Discourse ethics refers to a type of argument that attempts to establish normative or ethical truths by examining the presuppositions of discourse. The ethical theory originated with German philosophers Jürgen Habermas and Karl-Otto Apel, and variations have been used by Frank Van Dun and Habermas' student Hans-Hermann Hoppe.

Habermas and Apel
Habermas's discourse ethics is his attempt to explain the implications of communicative rationality in the sphere of moral insight and normative validity. It is a complex theoretical effort to reformulate the fundamental insights of Kantian deontological ethics in terms of the analysis of communicative structures.  This means that it is an attempt to explain the universal and obligatory nature of morality by evoking the universal obligations of communicative rationality. It is also a cognitivist moral theory, which means it holds that justifying the validity of moral norms can be done in a manner analogous to the justification of facts.  However, the entire project is undertaken as a rational reconstruction of moral insight.  It claims only to reconstruct the implicit normative orientations that guide individuals and it claims to access these through an analysis of communication.

Public discourse ethics
This type of ethics consists of conversations about ideas in civic or community contexts marked by diversity of perspectives requiring thoughtful public engagement. This discourse is made up of differing insights that helps to shape the public's engagement with one another. This type of discourse is meant to protect and to promote the public good. For public discourse ethics to be successful there must be an effective level of civility between people or persons involved. It was Sigmund Freud who once said, "civilization began the first time an angry person cast a word instead of a rock" and that statement is something that continues to be seen in society today. The Harvard Law Review accurately examines public discourse and explains it in a manner that is appropriate and conceptually accurate. "Every man who publishes a book commits himself to the judgement of the public, and anyone may comment upon his performance.... [W]hatever their merits, others have a right to pass their judgement upon them-to censure them if they be censurable, and to turn them into ridicule if they be ridiculous". For the public discourse ethics to be productive there must be accountability on the public stage as the Harvard Law Review calls into question. Without any act of accountability the ethicality of the discourse is no longer valid and cannot go on. Public accountability consists of three basic factors. The factors are:
 a diversity of ideas, 
 an engagement  of public decision making, and finally 
 an account for continuing a practice or way of doing something or a means or reason for changing the practice. 
Finally, public discourse ethics puts a great responsibility on the individual. They must continually be asking questions and finding answers. They will not always be right, and that is okay, as long as they are able to make a positive decision in the end.

Presupposition
Habermas maintains that normative validity cannot be understood as separate from the argumentative procedures used in everyday practice, such as those used to resolve issues concerning the legitimacy of actions and the validity of the norms governing interactions. He makes this claim by making reference to the validity dimensions attached to speech acts in communication and the implicit forms of argumentation they imply (see Universal pragmatics). The basic idea is that the validity of a moral norm cannot be justified in the mind of an isolated individual reflecting on the world. The validity of a norm is justified only intersubjectively in processes of argumentation between individuals; in a dialectic. The validity of a claim to normative rightness depends upon the mutual understanding achieved by individuals in argument.
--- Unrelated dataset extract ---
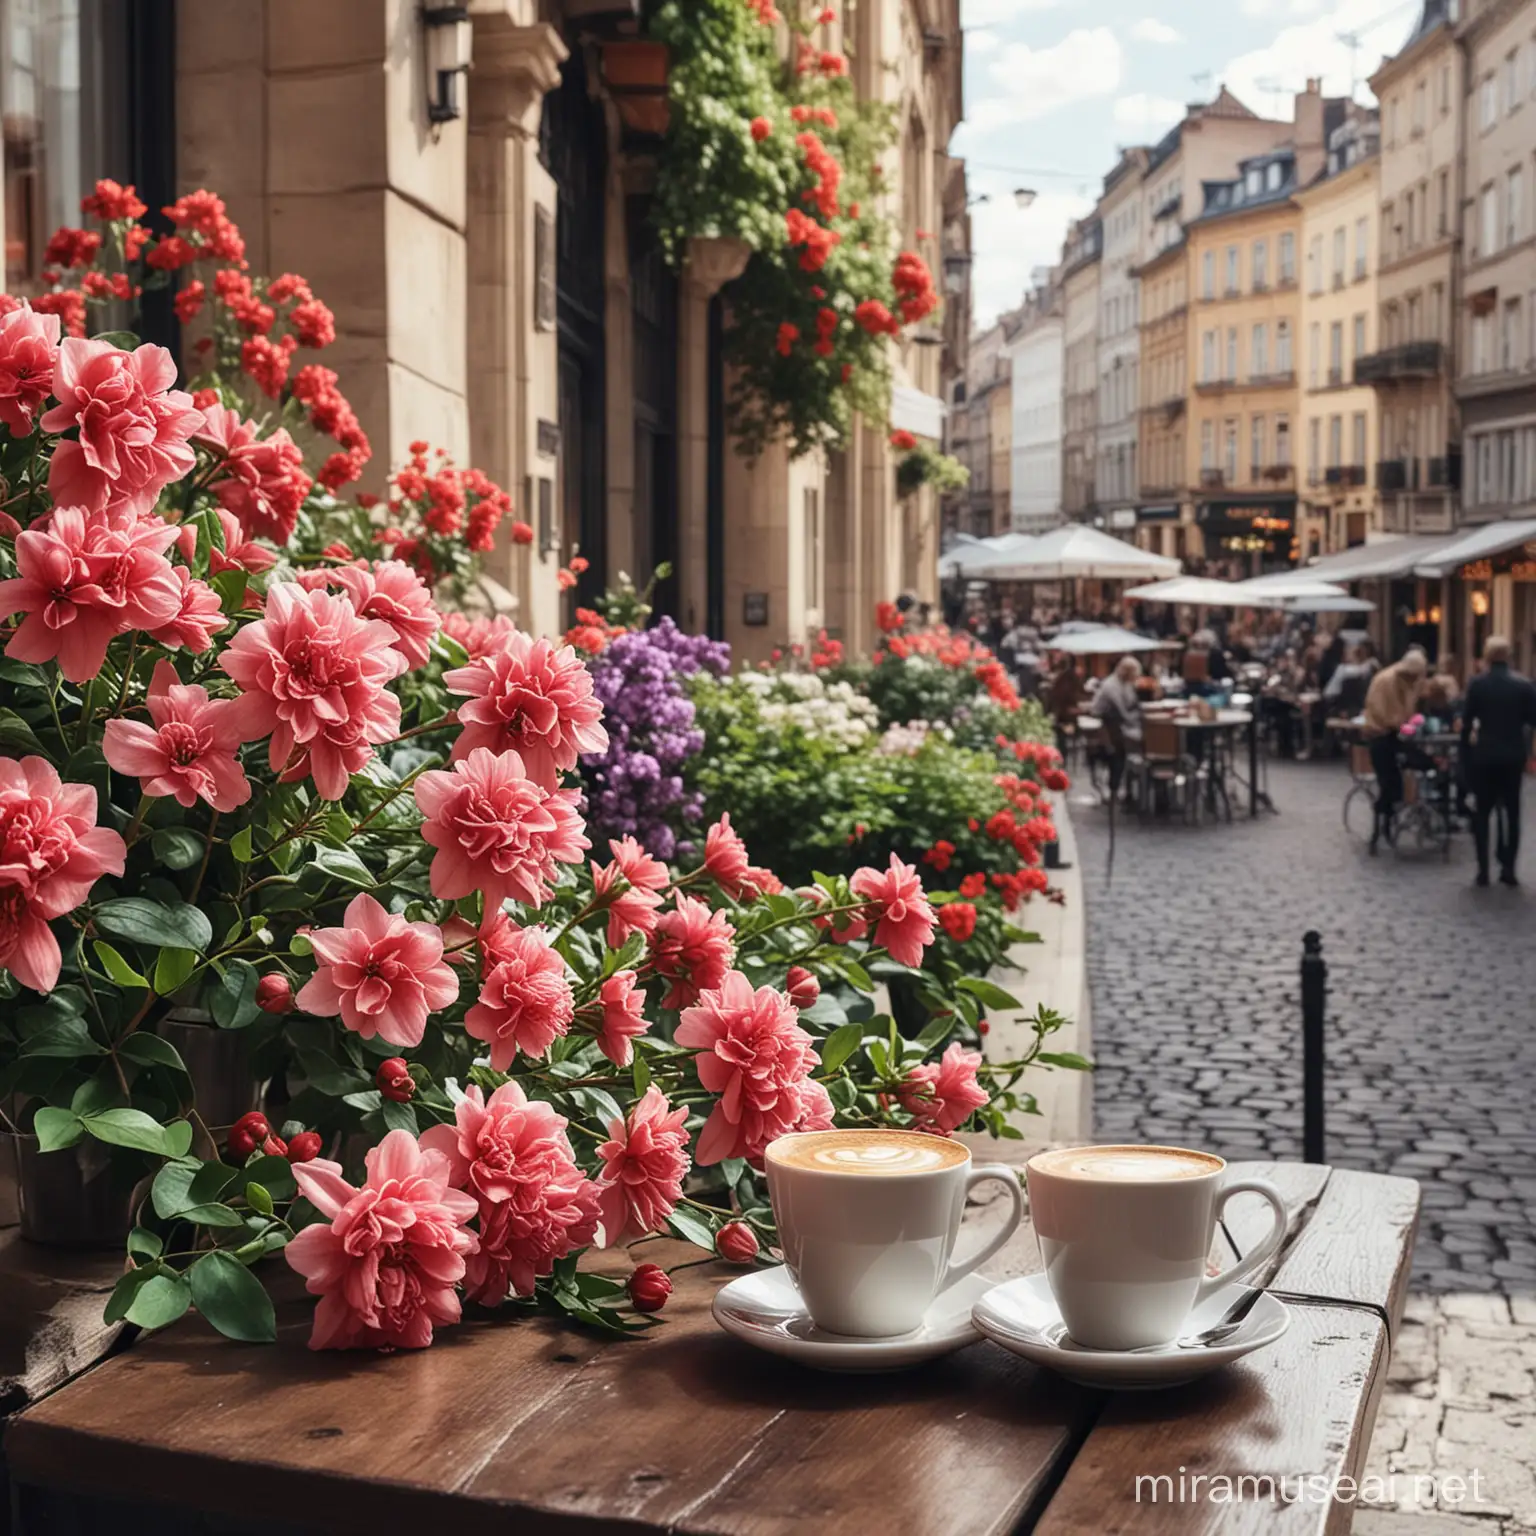 beautiful city scene, coffee break and flowers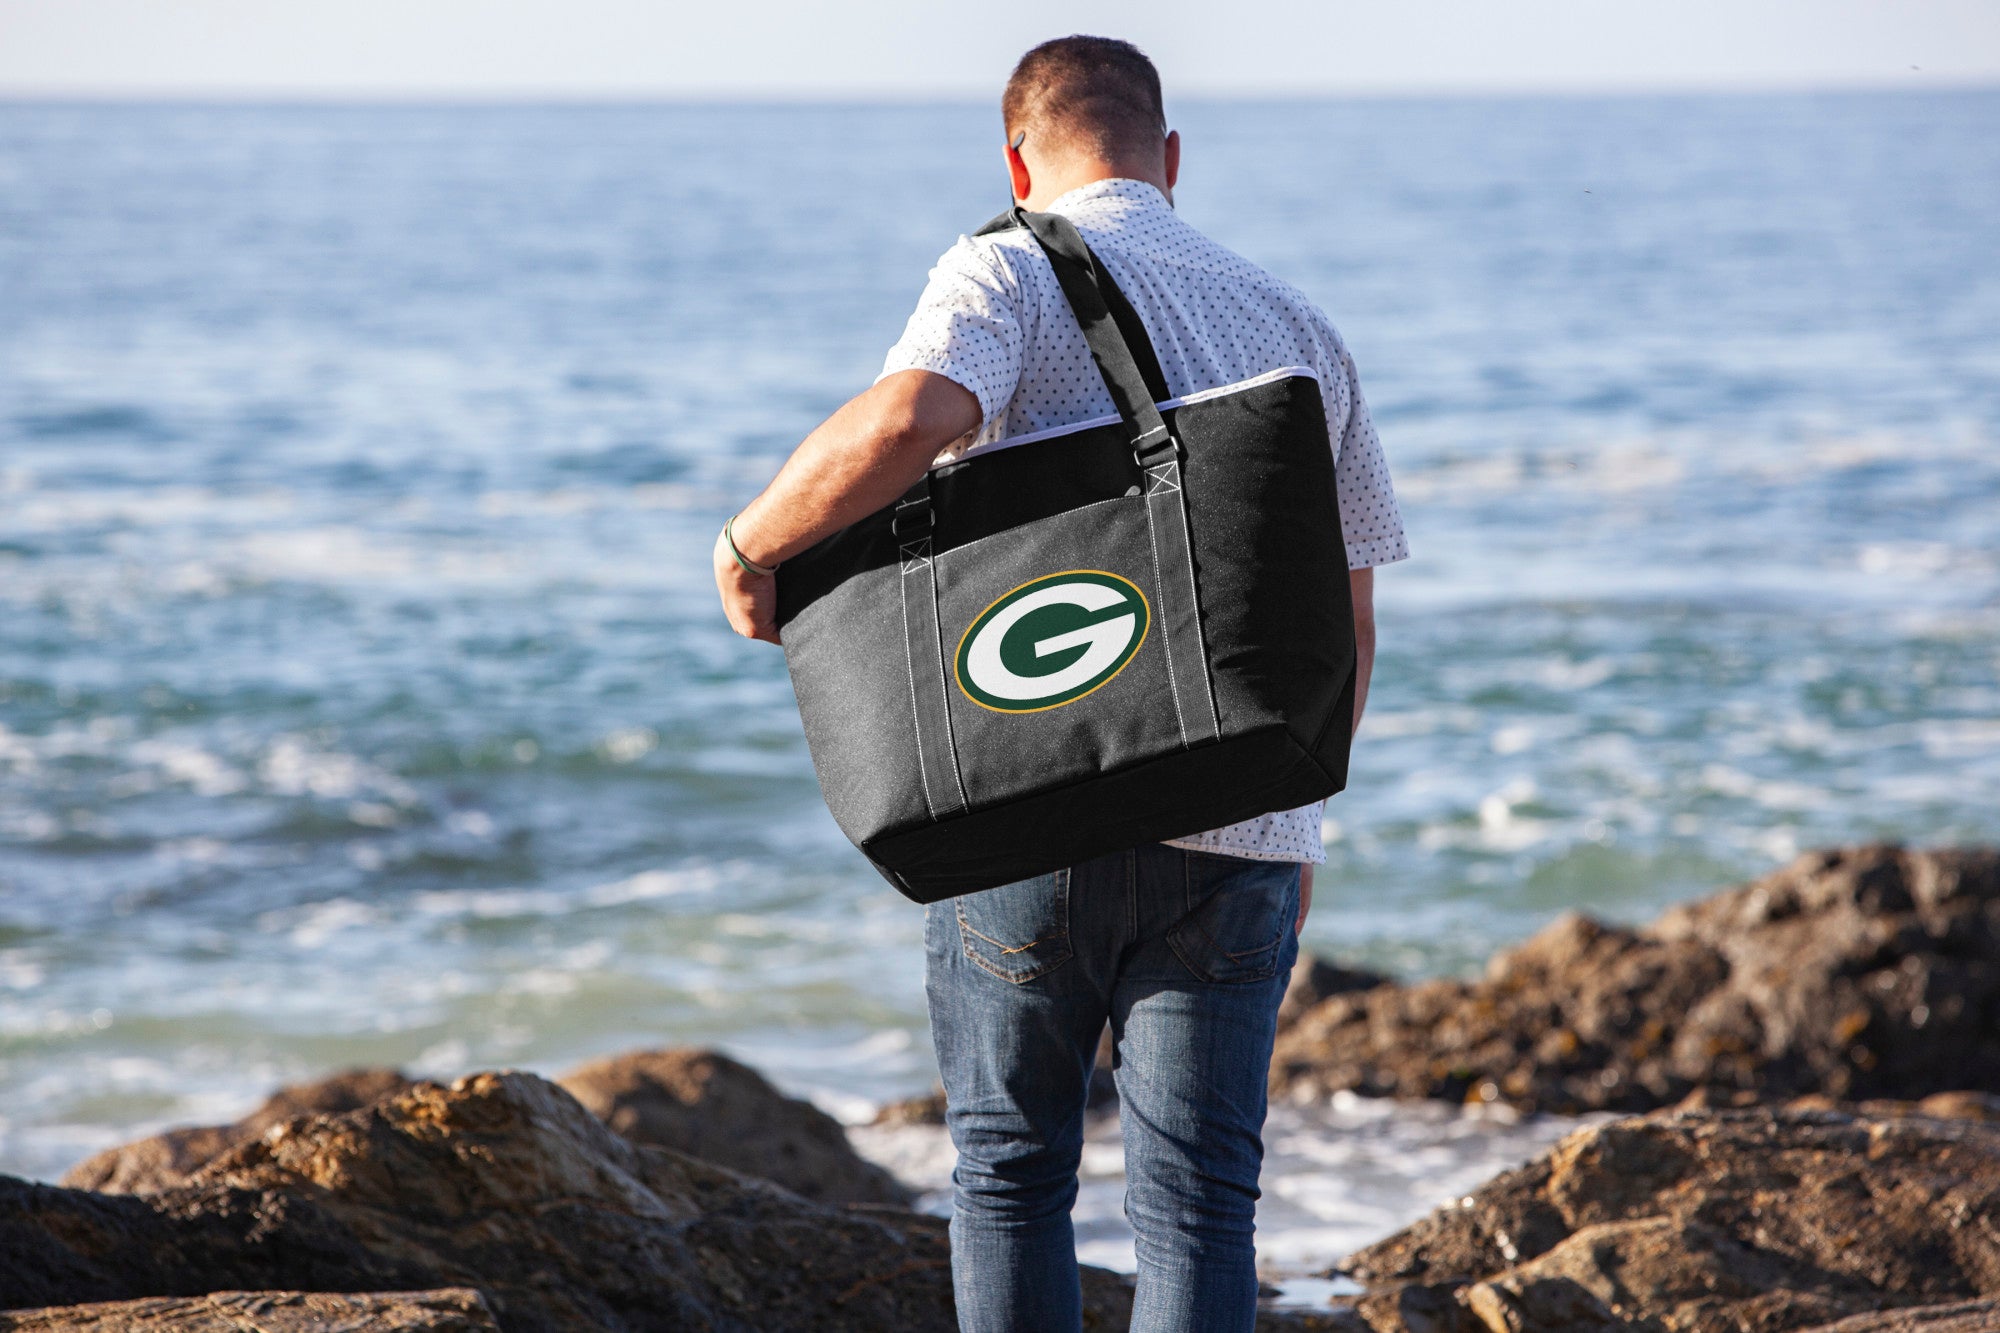 Green Bay Packers - Tahoe XL Cooler Tote Bag

From this it follows that the presuppositions of argumentation would become important. Kant extracted moral principles from the necessities forced upon a rational subject reflecting on the world. Habermas extracts moral principles from the necessities forced upon individuals engaged in the discursive justification of validity claims, from the inescapable presuppositions of communication and argumentation. These presuppositions were the kinds of idealization that individuals had to make in order for communication and argumentation to even begin. For example:
 The presupposition that participants in communicative exchange are using the same linguistic expressions in the same way
 The presupposition that no relevant argument is suppressed or excluded by the participants
 The presupposition that no force except that of the better argument is exerted
 The presupposition that all the participants are motivated only by a concern for the better argument

There were also presuppositions unique to discourse:
 The presupposition that everyone would agree to the universal validity of the claim thematized
 The presupposition that everyone capable of speech and action is entitled to participate, and everyone is equally entitled to introduce new topics or express attitudes needs or desires
 The presupposition that no validity claim is exempt in principle from critical evaluation in argumentation

These are all at the center of Habermas's moral theory. Habermas's discourse ethics attempts to distill the idealized moral point of view that accompanies a perfectly rational process of argumentation (also idealized), which would be the moral principle implied by the presuppositions listed above.  The key point is that the presuppositions of argumentation and communication that have been rationally reconstructed by Habermas are both factual and normative.  This can be said about his entire project because it is explicitly attempting to bridge the gap between the "is" and the "ought."  Habermas speaks of the mutual recognition and exchanging of roles and perspectives that are demanded by the very structural condition of rational argumentation. He maintains that what is implied in these factual presuppositions of communication is the deep structure of moral norms, the conditions that every valid norm must fulfill.

Universalization
The presuppositions of communication express a universal obligation to maintain impartial judgment in discourse, which constrains all affected to adopt the perspectives of all others in the exchange of reasons.  From this Habermas extracts the following principle of universalization (U), which is the condition every valid norm has to fulfill:

(U) All affected can accept the consequences and the side effects that [the norm's] general observance can be anticipated to have for the satisfaction of everyone's interests, and the consequences are preferred to those of known alternative possibilities for regulation. (Habermas, 1991:65)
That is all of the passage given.